En l’espèce toutefois, « la société Caudalie n’établit nullement
la nature des directives précises et impératives qu’elle aurait
données à M. B. pour chacune des photographies en cause et
dont la précision aurait été telle qu’elle aurait privé celui-ci
de tout apport créatif ». Dès lors, en raison de cette insuffisance probatoire, la Cour conclut à l’originalité de l’apport
du photographe, et l’argument de la société intimée selon
lequel ces « photographies seraient des œuvres collectives »
est également écarté.
S’il est certain qu’une grande casuistique existe en jurisprudence en matière d’appréciation de l’originalité de photographies publicitaires, cet arrêt révèle néanmoins, au même
titre que certaines décisions récentes, que celle-ci dépend
largement voire exclusivement de l’autonomie dont jouit le
photographe. Une appréciation in concreto est donc de rigueur.

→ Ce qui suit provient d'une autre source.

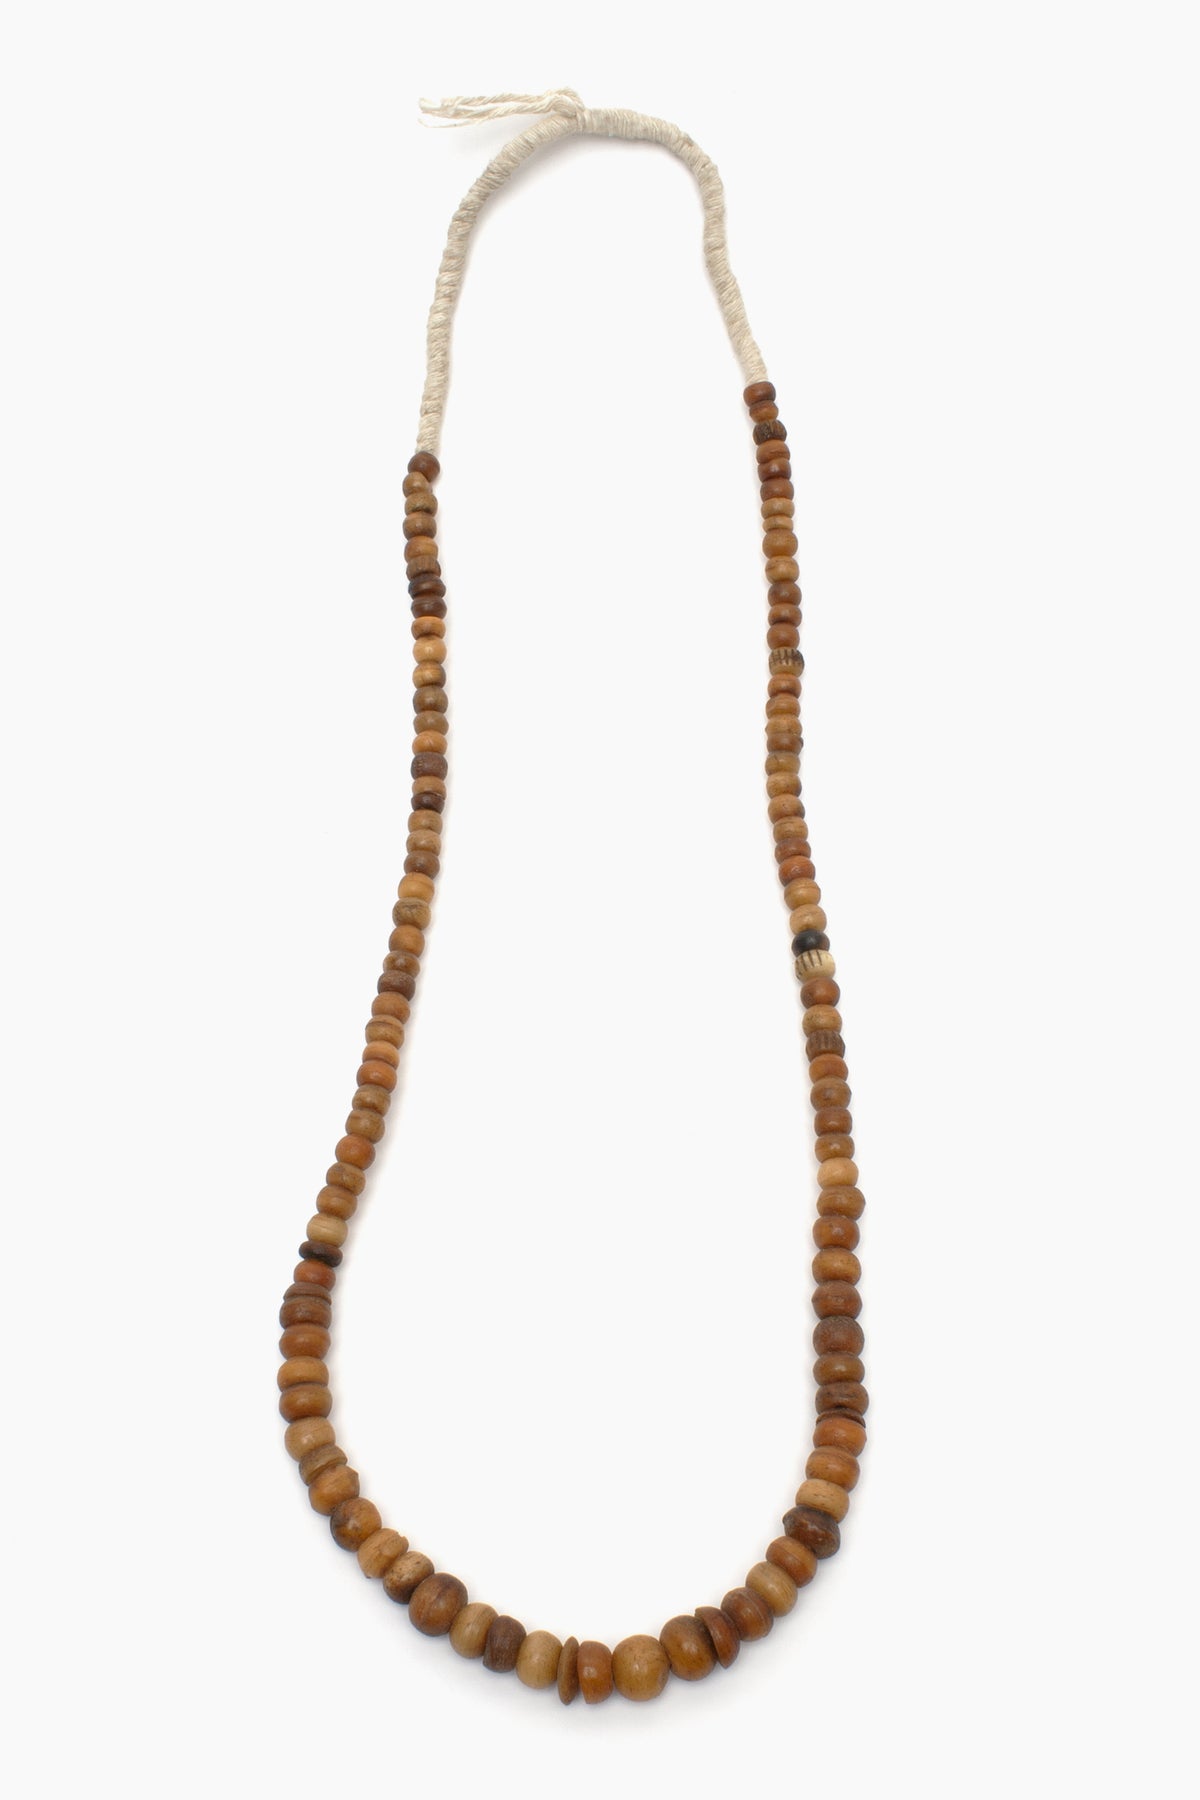 Strand of Old Camel Beads from Senegal

Ainsi, dans un arrêt du 9 mars 2011, les juges aixois ont
considéré qu’une photographie réalisée par un photographe
professionnel dans le cadre d’un contrat de commande et
représentant une jeune fille de dos tenant une boule de
bowling, « ne révèle aucune recherche dans les éclairages, la
tonalité des fonds, l’environnement, le cadrage et les angles
de prises de vue et [le photographe] n’explique pas en quoi
ceux-ci seraient particuliers » : le cliché, résultant « d’une
commande du publicitaire (…) ne constitue ainsi qu’une
prestation de services techniques ne traduisant qu’un savoirfaire » (11).

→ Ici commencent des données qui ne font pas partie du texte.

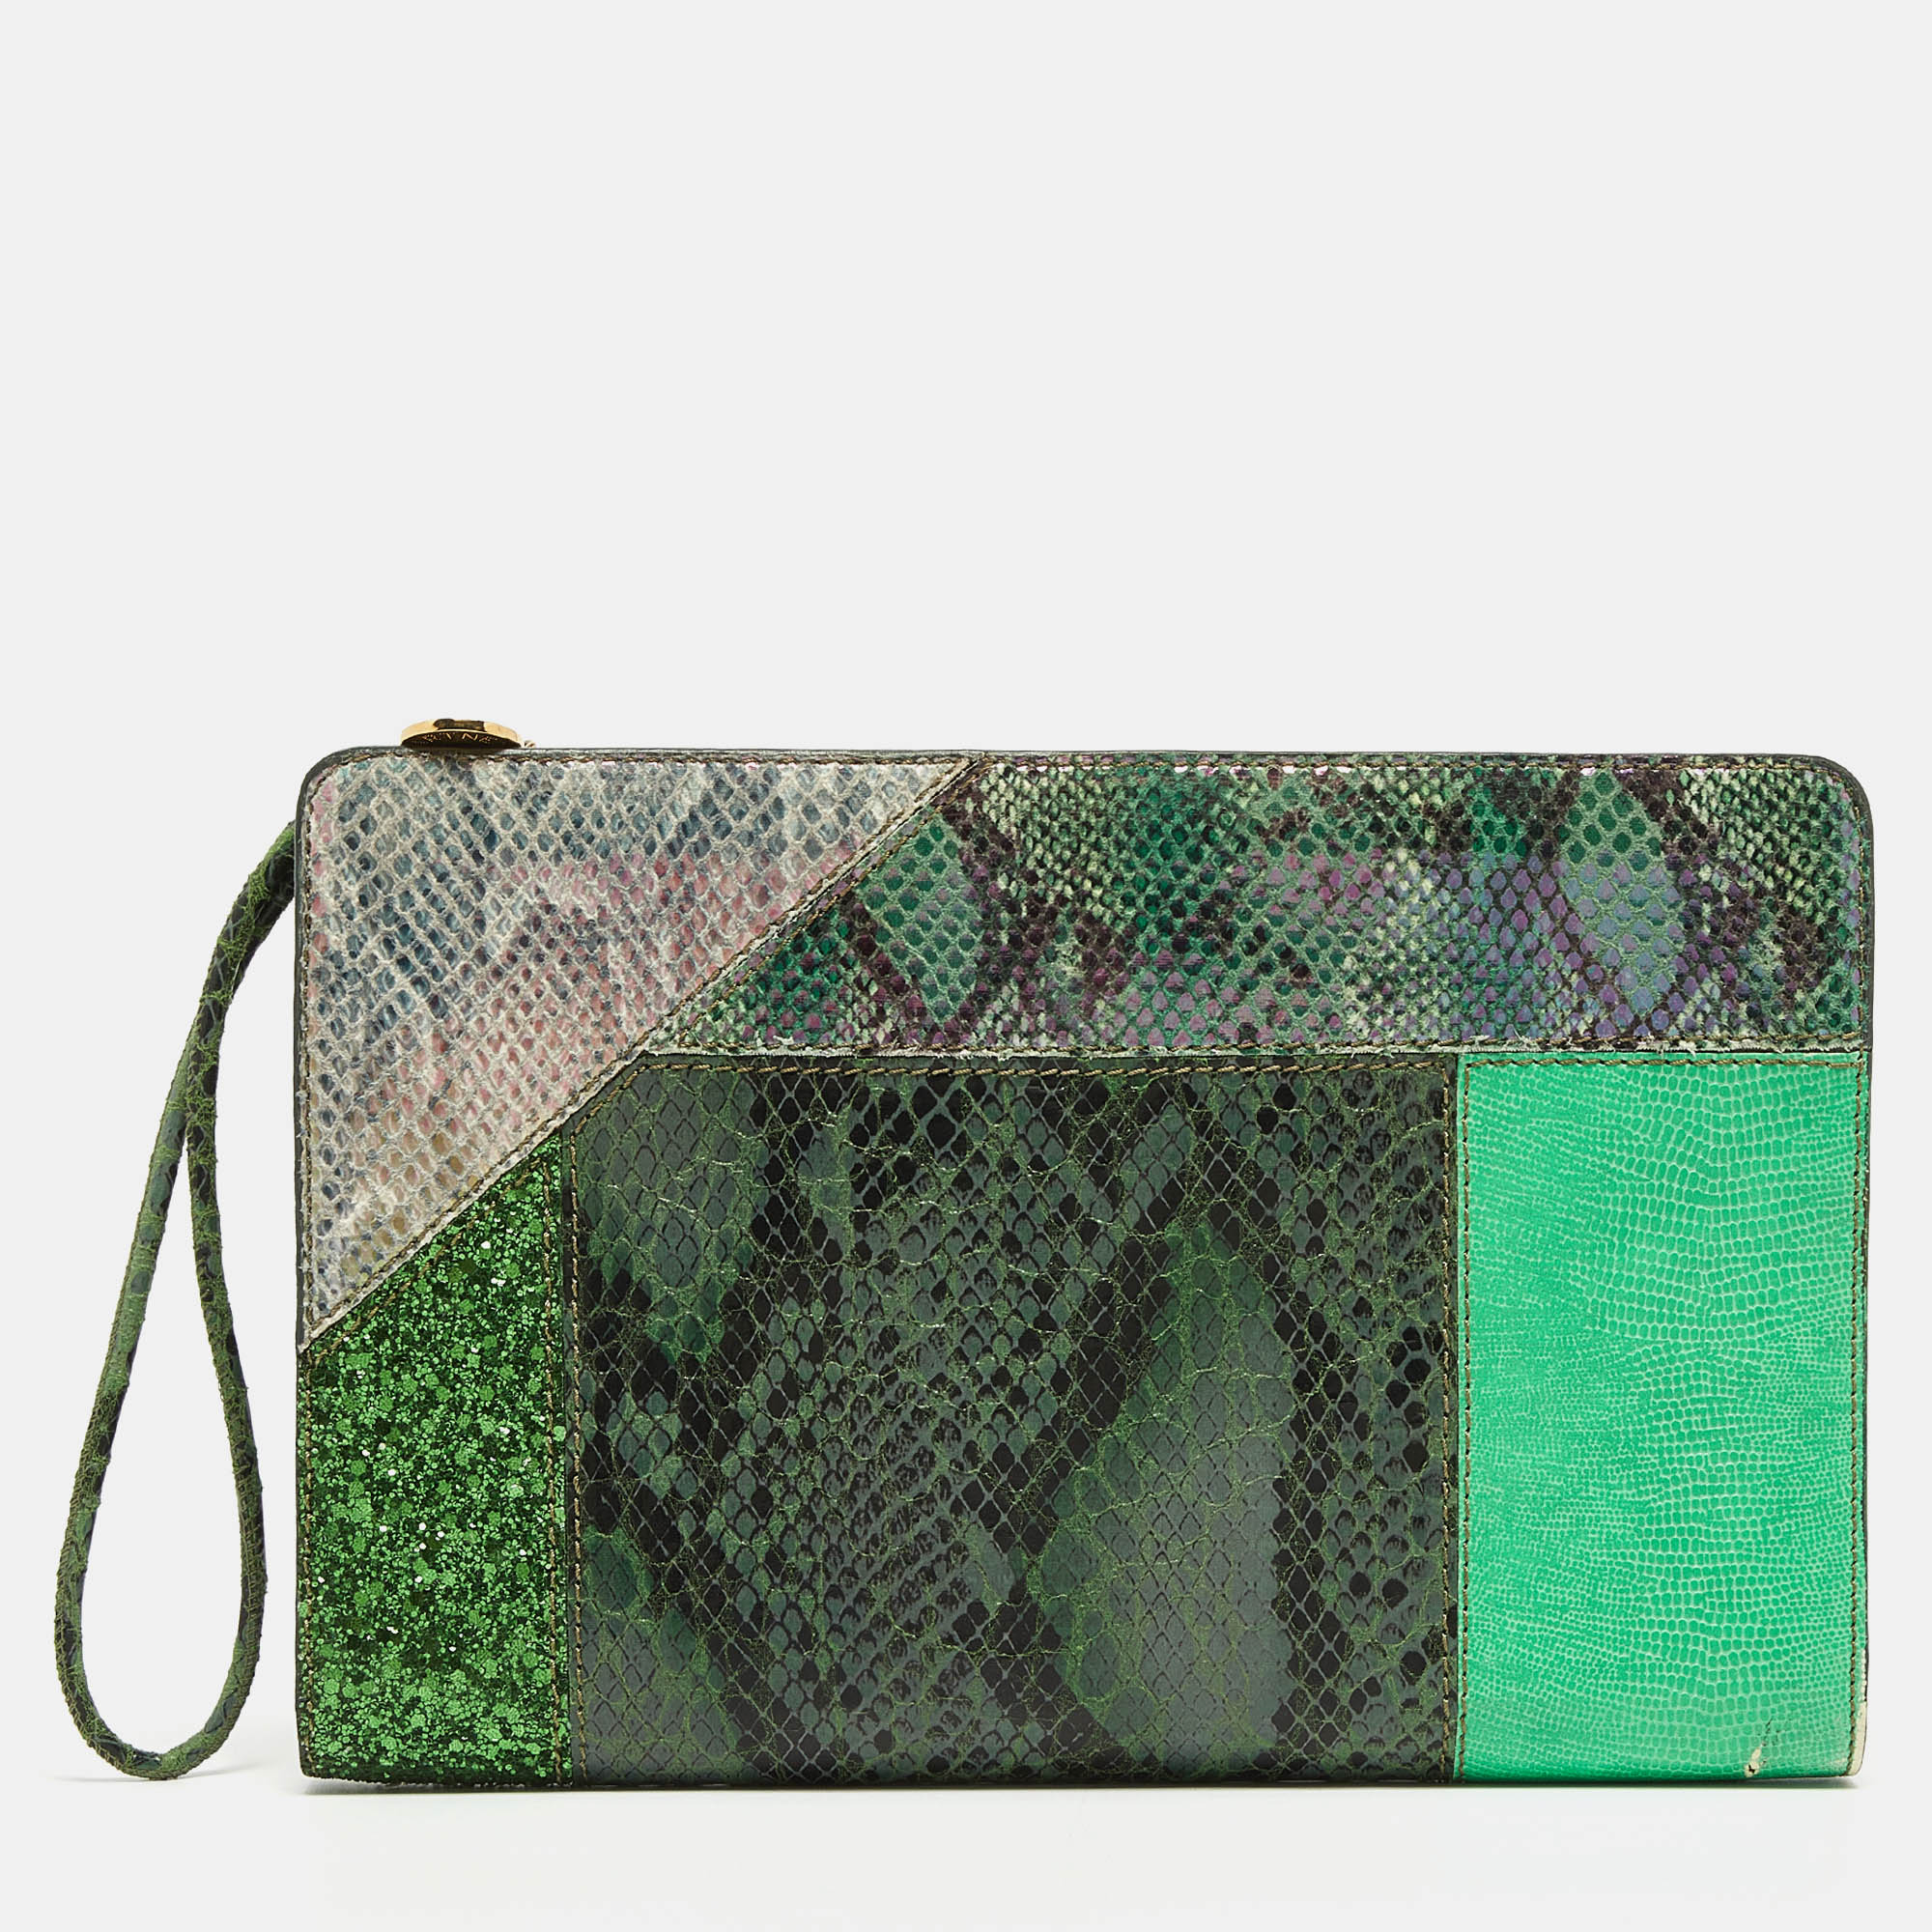 Stella mccartney green faux python embossed and glitter waverly patchwork clutch

Inversement, dans un arrêt du 5 avril 2011, la Cour
d’appel de Pau a conclu à l’originalité de photographies
de produits de couture réalisées par un non-professionnel
et reproduites dans des catalogues. La Cour relève tout
particulièrement l’absence de « directive technique quant
à l’angle de vue, l’éclairage, le cadrage, les contrastes de
couleur et reliefs, la composition et la mise en scène, le jeu
des lumières, le choix des objectifs, qui relèvent de la seule
initiative [du photographe] qui opère seul », et conclut que
ce dernier « jouit d’une liberté d’action lui permettant, par
l’expression d’une véritable créativité, de manifester sa
personnalité, de sorte que les photographies [litigieuses]
présentent une originalité qui permet leur protection au
titre du droit d’auteur » (12). Ce critère de la marge de
manœuvre laissée au photographe dans l’exécution de son
art semble donc tempérer la relative « insécurité juridique »

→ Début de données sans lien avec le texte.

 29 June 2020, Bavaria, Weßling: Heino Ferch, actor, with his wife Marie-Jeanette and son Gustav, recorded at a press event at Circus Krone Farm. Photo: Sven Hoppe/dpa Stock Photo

qui régnerait en la matière (13).
(10) CA Rennes, 2e ch., 23 mai 2006, M. Christian R. c/ Société Simep Le Studio T, n° 04/07667 : ne constitue pas une œuvre originale la photographie d’un gigot d’agneau réalisée sous
l’entière direction du fabricant qui a fourni au photographe des indications précises sur la position du produit et sur son entourage. Le seul choix par le photographe du cadre de la prise de vue
et de l’éclairage est insuffisant dès lors qu’il ne fait que répondre à des impératifs techniques. (11) CA Aix-en-Provence, 2e ch., 9 mars 2011, SARL Bowling de Bandol c/ Michel, n° 10/10492,
RLDI 2011/70, n° 2300, obs. Trézéguet M. (12) CA Pau, 2e ch., 5 avr. 2011, Mme X c/ Société Artiga, n° 09/03298, RLDI 2011/71, n° 2342, obs. Trézéguet M. (13) Latreille A., La création
photographique face au juge : entre confusion et raison, Légipresse 2010, n° 274, p. 139 et s.